У меня появилась цель: я не только должна была прикрывать Дару и выполнять за нее работу, но и найти подходящую вещь и украсть ее. Что-то маленькое и острое, чем можно было бы удалить зуб.
Мне удалось усадить Дару на скамью сортировать вещи, а самой сесть так, что, когда наступал ее черед относить ценные вещи в коробку в центре барака, и я шла тоже. Однако к концу дня я так и не нашла ничего подходящего. Три пары вставных челюстей, свадебное платье, тюбики губной помады – ничего острого и твердого.
И наконец…
В кожаном ранце под шелковую подкладку завалилась авторучка.
Пальцы до боли вцепились в находку. Держать ручку оказалось так естественно, что мое прошлое, которое я отрезала от своего теперешнего существования, мгновенно ожило. Я вспомнила, как сидела у папы в булочной на подоконнике и писала свою книгу, как жевала кончик ручки, когда слышала воображаемый диалог между Аней и Александром. История, словно кровь, перетекала из моей руки на бумагу. Иногда создавалось впечатление, что я всего лишь транслирую фильм, который уже снят, что я всего лишь проектор, а не создатель. Когда я писала, то чувствовала себя невероятно свободной, не связанной ничем. А теперь я едва помнила, что это за ощущение.
Даже не представляла, насколько за эти недели, что я здесь, соскучилась по письму! «Настоящие писатели не могут не писать, – однажды сказал мне герр Бауэр, когда мы обсуждали Гёте. – Так вы и узнаете, фрейлейн Левина, суждено ли вам стать писательницей».
Рука, сжимавшая ручку, так и чесалась. Я не знала, есть ли внутри чернила, и, чтобы это проверить, прижала перо к цифрам, выжженным на левом предплечье. Потекли чернила – прекрасная черная «клякса Роршаха»! – замазывая то, что сделали со мной.
Я спрятала ручку в карман. Я напомнила себе: это для Дары. Не для меня.
Вечером понадобилась помощь еще одной девушки, чтобы держать Дару ровно во время вечерней переклички. Когда через два часа нас отправили в барак, она едва стояла на ногах. Она долго не позволяла даже прикоснуться к щеке, когда я хотела помочь ей открыть рот, чтобы посмотреть, насколько сильно воспаление.
Ее щека была страшно горячей и, казалось, распухала у меня под рукой.
– Дара, – сказала я, – ты должна мне верить.

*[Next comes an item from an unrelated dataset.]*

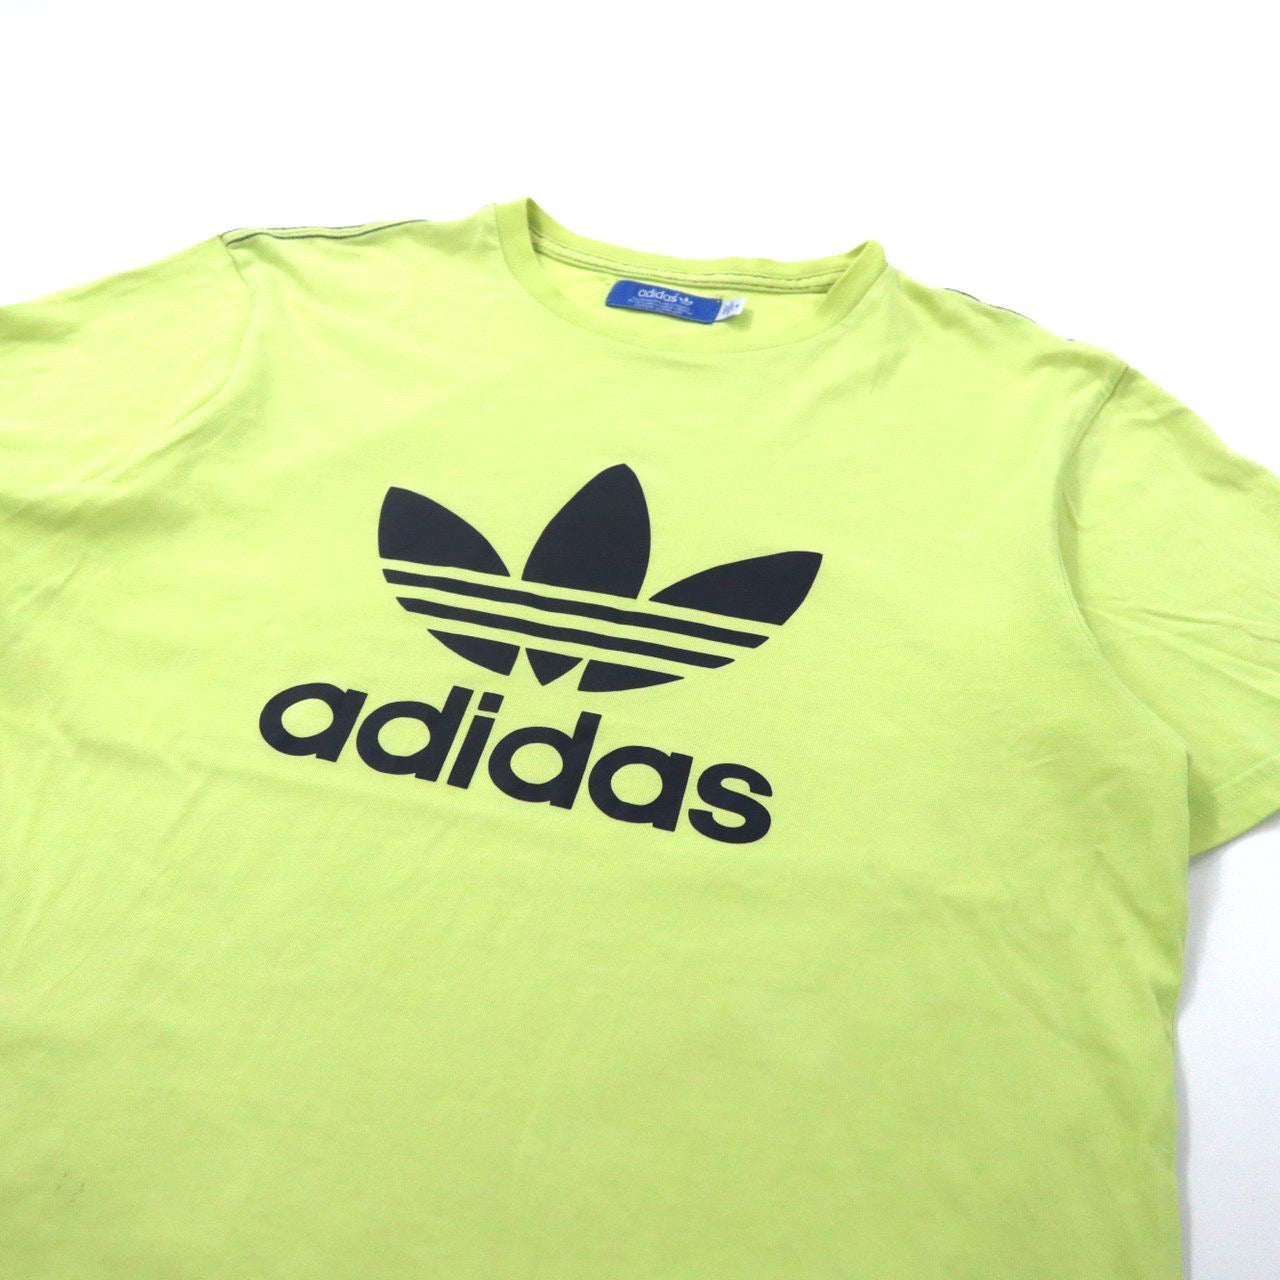 【大人気】アディダス オリジナルス ビッグロゴ 前プリント ゴールド Tシャツ

Она с трудом покачала головой.
– Оставь меня в покое.
– Обязательно. После того, как вырву этот дурацкий зуб.
Мои слова пробились сквозь пелену забытья, в котором она находилась.
– Черта с два вырвешь!
– Заткнись и открой рот, – пробормотала я и схватила ее за подбородок.
Дара отпрянула.
– Больно будет? – заплакала она.
Я кивнула, глядя ей прямо в глаза.
– Будет. Если бы у меня был газ, я бы сделала тебе анестезию.
Дара засмеялась. Сначала едва слышно, потом громче. Некоторые девушки на своих койках оглянулись на нас.
– Газ… – Она буквально захлебывалась смехом. – Тебе газ нужен?
Я поняла, какую глупость сказала: всего в нескольких метрах от нашего барака проводилось массовое уничтожение людей. Неожиданно для себя я тоже засмеялась. Это был ужасный, неуместный смех висельника, но мы не могли сдержаться. Мы повалились на койку, отдуваясь и хихикая, – остальные возмущенно от нас отвернулись.
Наконец мы успокоились, и наши костлявые руки переплелись, как неуклюжие лапки двух запутавшихся богомолов.
– Если не можешь обезболить, тогда отвлекай меня, – попросила Дара.
– Я могла бы спеть.
– Хочешь, чтобы разболелось еще больше? – Она с отчаянием взглянула на меня. – Расскажи мне историю.
Я кивнула. Вытащила из кармана ручку и попыталась, насколько могла, вытереть ее, что было совсем непросто, учитывая, какой грязной была моя одежда. Потом посмотрела на свою лучшую подругу, единственную подругу.
Я не могла терзать ей душу нашими детскими воспоминаниями. Не могла рассказывать байки о будущем – едва ли у нас было будущее.
Была только одна история, которую я знала наизусть. История, которую я сама много лет писала. История, которую читала Дара.